The protagonist, Ned Henry, is a specialist in 20th century history, assigned to search for the Bishop's bird stump. He has made so many jumps into the 1940s so quickly that he has developed "time-lag", the time-travel-induced form of jet lag, and must recuperate before he returns to work. There is, unfortunately, an emergency in progress. A historian sent to the Victorian era has returned bringing something from Victorian England with her which the historians believe may rip time itself apart if it isn't promptly returned...and Ned, who knows virtually nothing about the 19th century, is the only one available to return it. (Theoretically, nothing may be brought through the time machine in either direction as it might cause time to unravel, and safeguards have been put in place in order to prevent significant objects making the journey.)
Unfortunately, Ned is being "prepped" on Victorian-era background information through a pair of headphones while simultaneously being told his mission and destination. As a result, he arrives in 1888 with little understanding of what he is supposed to do or where he's supposed to go other than a vague impression he's supposed to meet his contact at " Something End".
He meets Terence St. Trewes, a besotted young Oxford undergraduate, and agrees to share the cost of a hired boat for a trip on the River Thames from Oxford down to Muchings End, where Terence hopes to meet his love, Tocelyn "Tossie" Mering. Ned, Terence, Cyril the bulldog and Professor Peddick (an Oxford don) travel down the Thames navigating locks, beautiful scenery, crowds of languid boaters in no hurry to get anywhere, and the party of Jerome K. Jerome, an homage to the original novel from which To Say Nothing of the Dog draws its name and themes.

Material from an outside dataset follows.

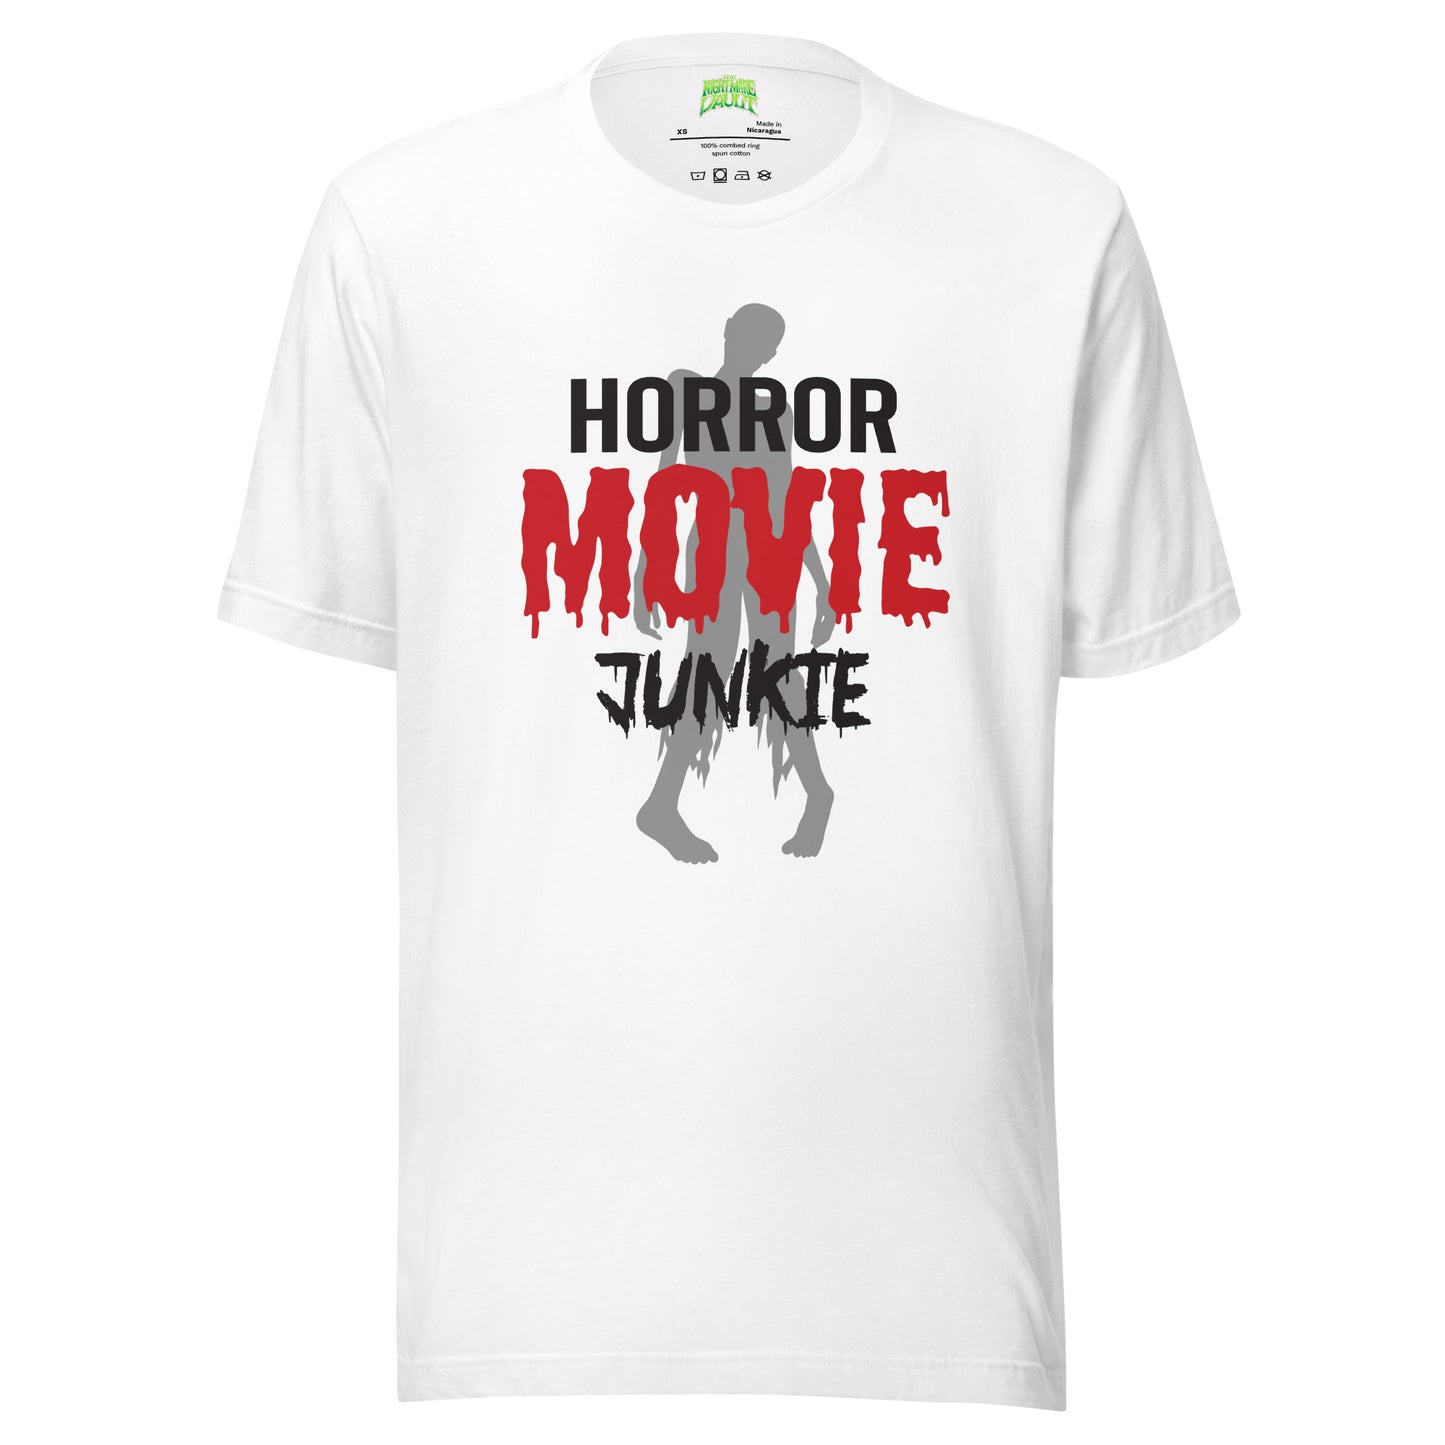 Horror Movie Junkie tee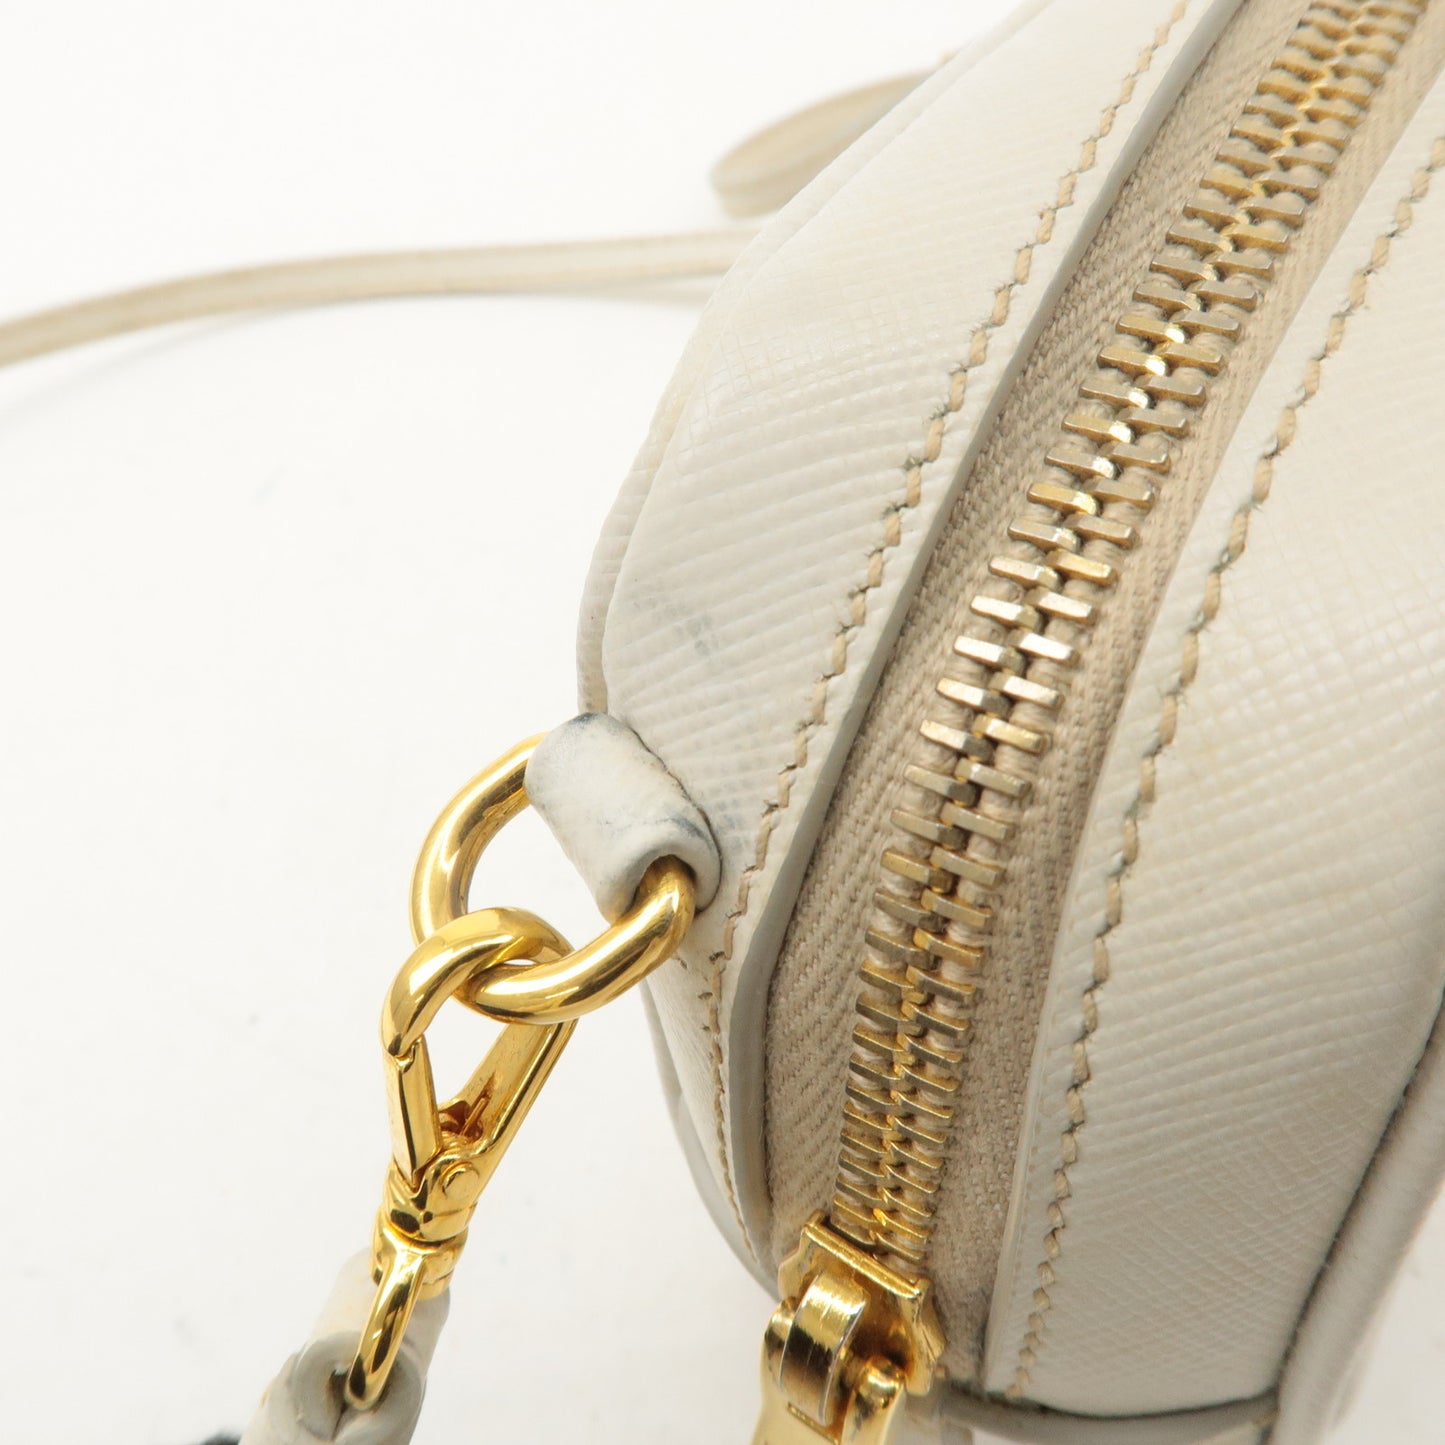 PRADA Logo Saffiano Leather Shoulder Bag Crossbody Bag White

Fortunately, Ned's contact in Muchings End recognizes him when he arrives and identifies herself: she is a young woman named Verity Kindle, who is pretending to be Tossie's cousin. Lady Schrapnell sent Verity to read Tossie's diary because Tossie (an ancestor of Lady Schrapnell) had written about a life-changing event involving the bird stump at the first Coventry Cathedral (St Michael's Cathedral), an event which had caused her to elope with a mysterious "Mr. C" to America. It is only at this point that Ned learns the nature of the object he is to return: Tossie's pet cat, Princess Arjumand. (Cats are extinct in 2057 due to a feline distemper pandemic.)
However, returning the cat did not clear up the time disruption, as people attempting to visit Coventry during the air raid are still missing their target. Have they changed history by bringing Terence to Tossie? What will happen to them if Lady Schrapnell is never born? Or if Terence doesn't marry Peddick's niece, Maud, and thus doesn't become the grandfather of an RAF pilot who bombs Berlin and goads Hitler into bombing London and Coventry?
The solution involves the wisdom of Sherlock Holmes, the methods of Hercule Poirot, and the style of Lord Peter Wimsey. In the meantime, Ned, Verity and their colleagues have to deal with packs of dogs guarding the marrows, hostile theatrical costumers operating the time machine, phony spiritualists, kittens, abstruse mathematics, the Battle of Waterloo, the unalterable fact that the butler did it (they always do), the Coventry Ladies' Altar Guild, more dogs, and a crime which was committed before anyone realized it was against the law.